Live updates: Biden to speak virtually with governors on pandemic as Trump presses legal challenges

November 19, 2020 at 9:25 AM EST

Link copied

Graham dismisses ethics complaint, calls to resign over Georgia ballot conversations

By John Wagner and Amy Gardner

A defiant Sen. Lindsey O. Graham (R-S.C.) on Thursday dismissed both an ethics complaint and calls for him to resign in the wake of conversations in which he allegedly pressured Georgia’s secretary of state to toss legally cast ballots.

“Don’t let the liberal left and the media intimidate conservatives,” Graham said during an animated appearance on Fox News’s “Fox & Friends.” “I’ve had it with the media. They come after me every day. Every time I wake up, I get an ethics complaint filed against me by some liberal group out there. It’s not going to work. I’m not going to shut up. I’m not going to resign. I am going to fight.”

A complaint filed Wednesday with the Senate Select Committee on Ethics urges the panel to investigate Graham’s conversations with Georgia Secretary of State Brad Raffensperger (R) in which he allegedly urged Raffensperger to try to discount all absentee ballots in counties with high signature-matching rejection rates.

During his television appearance, Graham strongly objected to Raffensperger’s characterization of what Graham was seeking.

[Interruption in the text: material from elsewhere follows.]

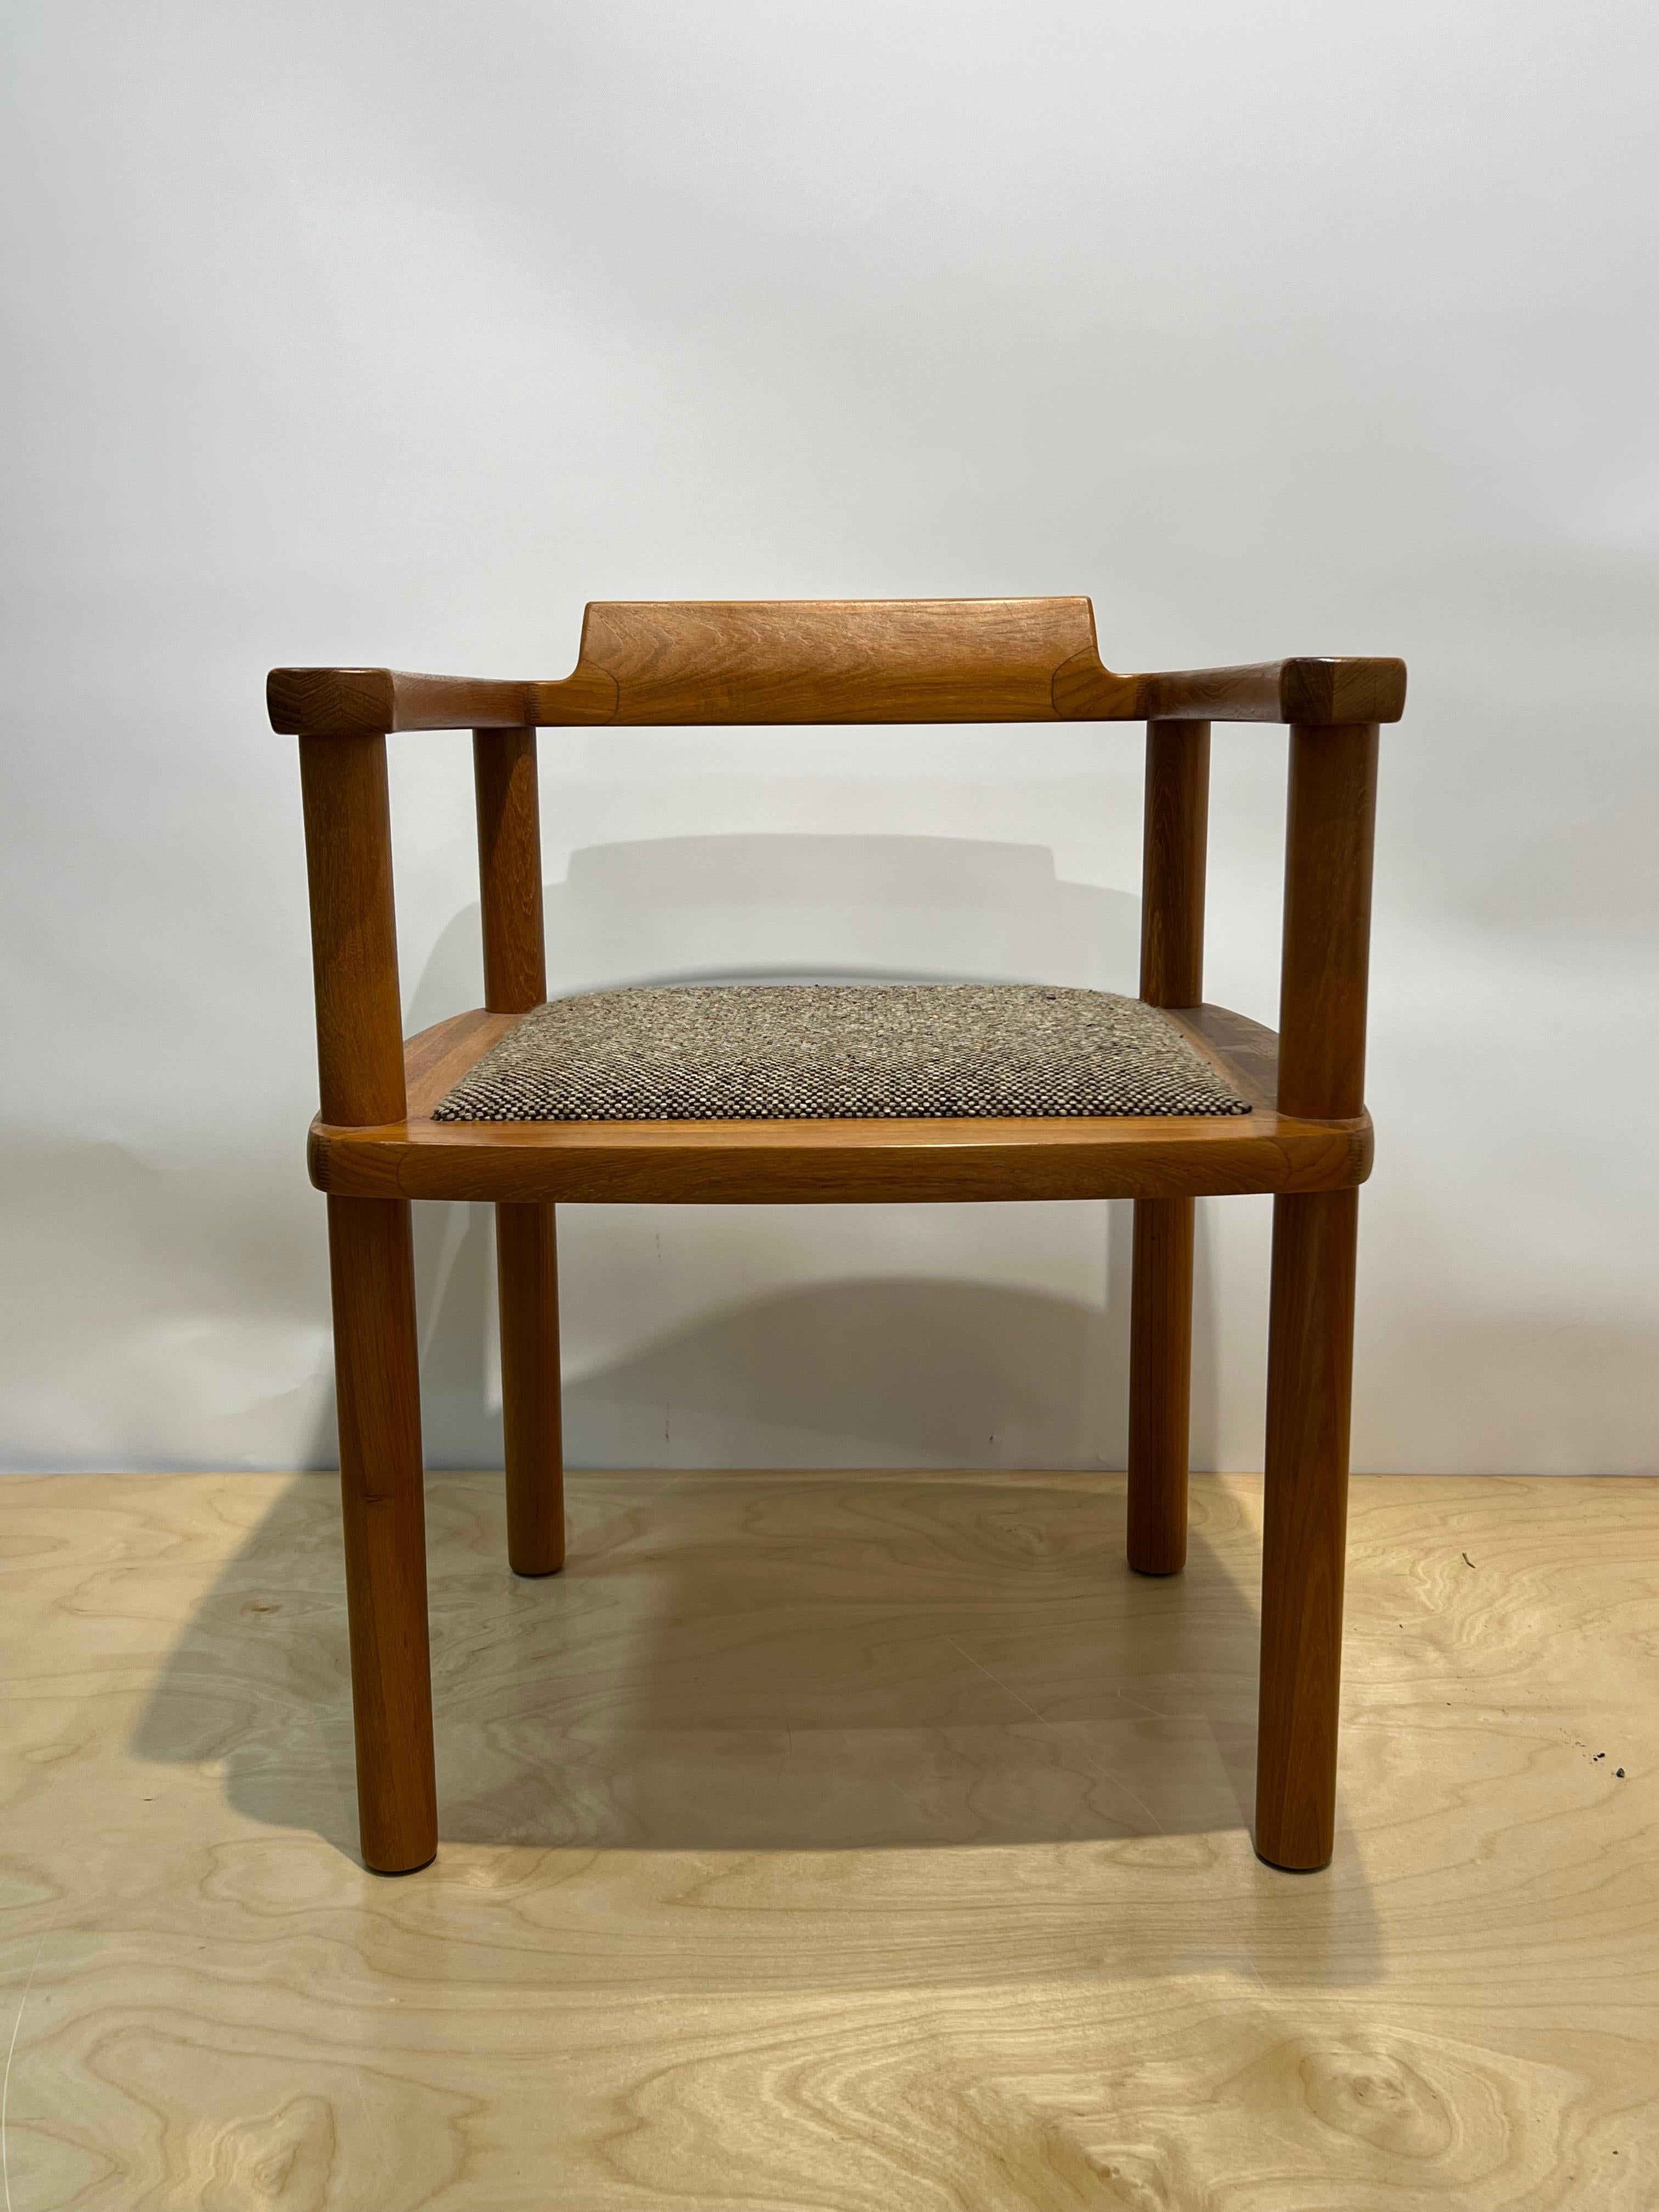 Stunning arm chair by Scandinavian designer Richard Nissen c1979. Most likely a prototype chair. Many hours of researching this chair, only to find no info out there, or anything even close. Signed with designer label. Very unique design with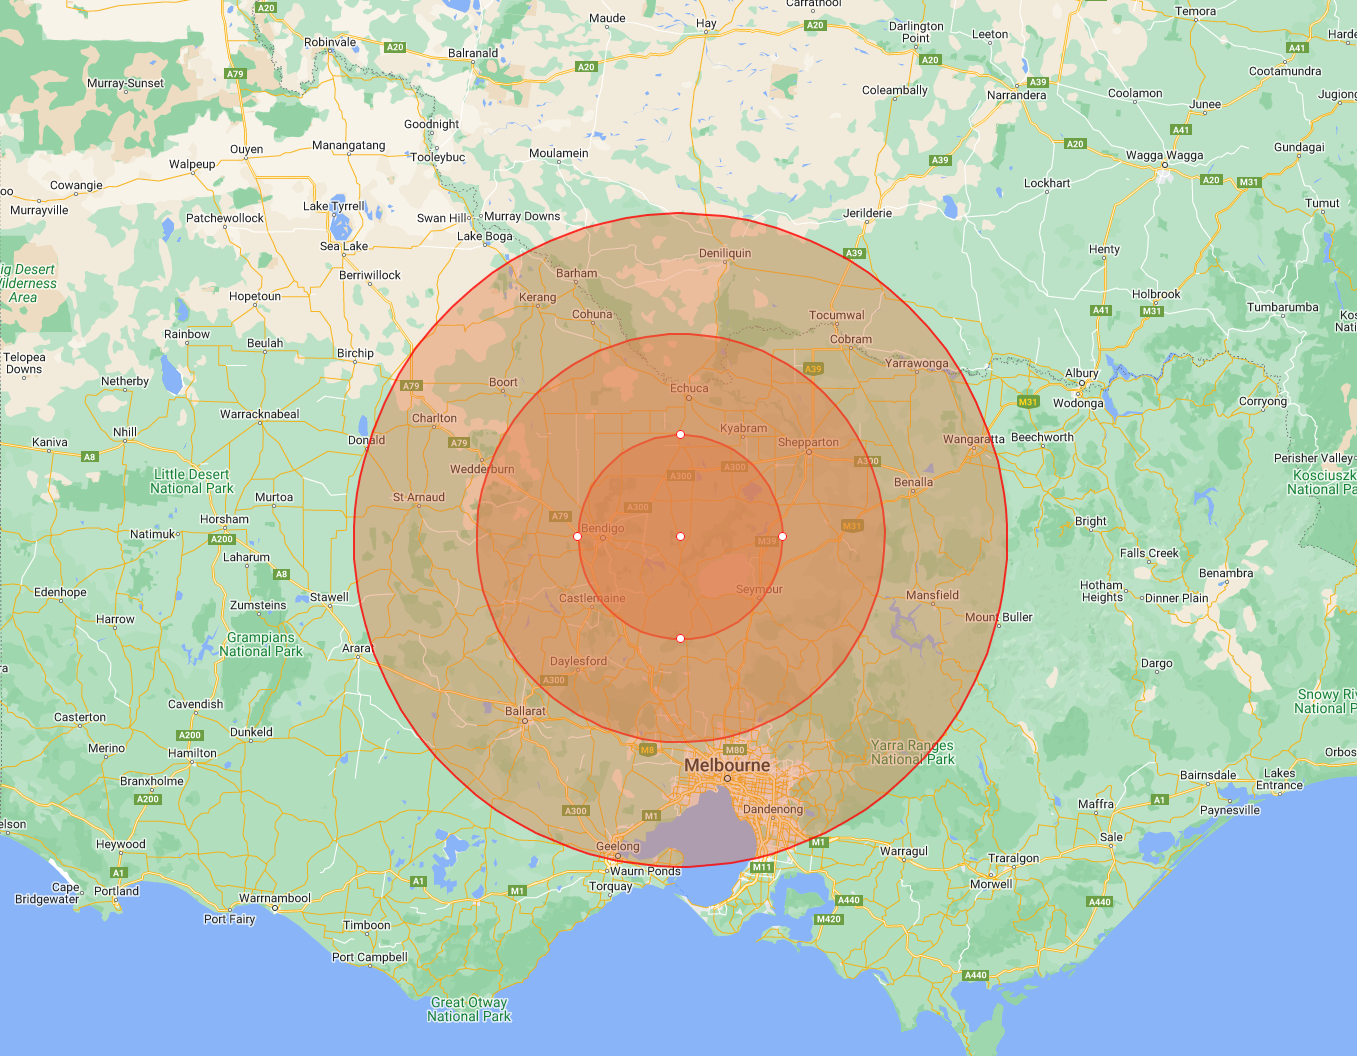 Map of Victoria, Australia, overlaid with concentric circles denoting radii of 50, 100 and 150km from the epicentre of Apulia Grove.

“We never talked about him throwing out ballots,” Graham said. “I can’t explain that guy. I can’t explain what makes him tick.”

Graham said his concern centers on a significantly lower rejection rate in Georgia than four years ago of mail-in ballots where a signature on the ballot did not match the signature on the envelope.

“This is a big deal. Liberals don’t want me talking about it,” Graham said, adding that he remains hopeful that a judge could still come up with a remedy favorable to Trump, who trails Biden in Georgia votes.

The ethics complaint was signed by Claire Finkelstein, faculty director of the Center for Ethics and the Rule of Law at the University of Pennsylvania; Richard Painter, a law professor at the University of Minnesota and President George W. Bush’s chief ethics lawyer; and Walter Shaub, former director of the Office of Government Ethics.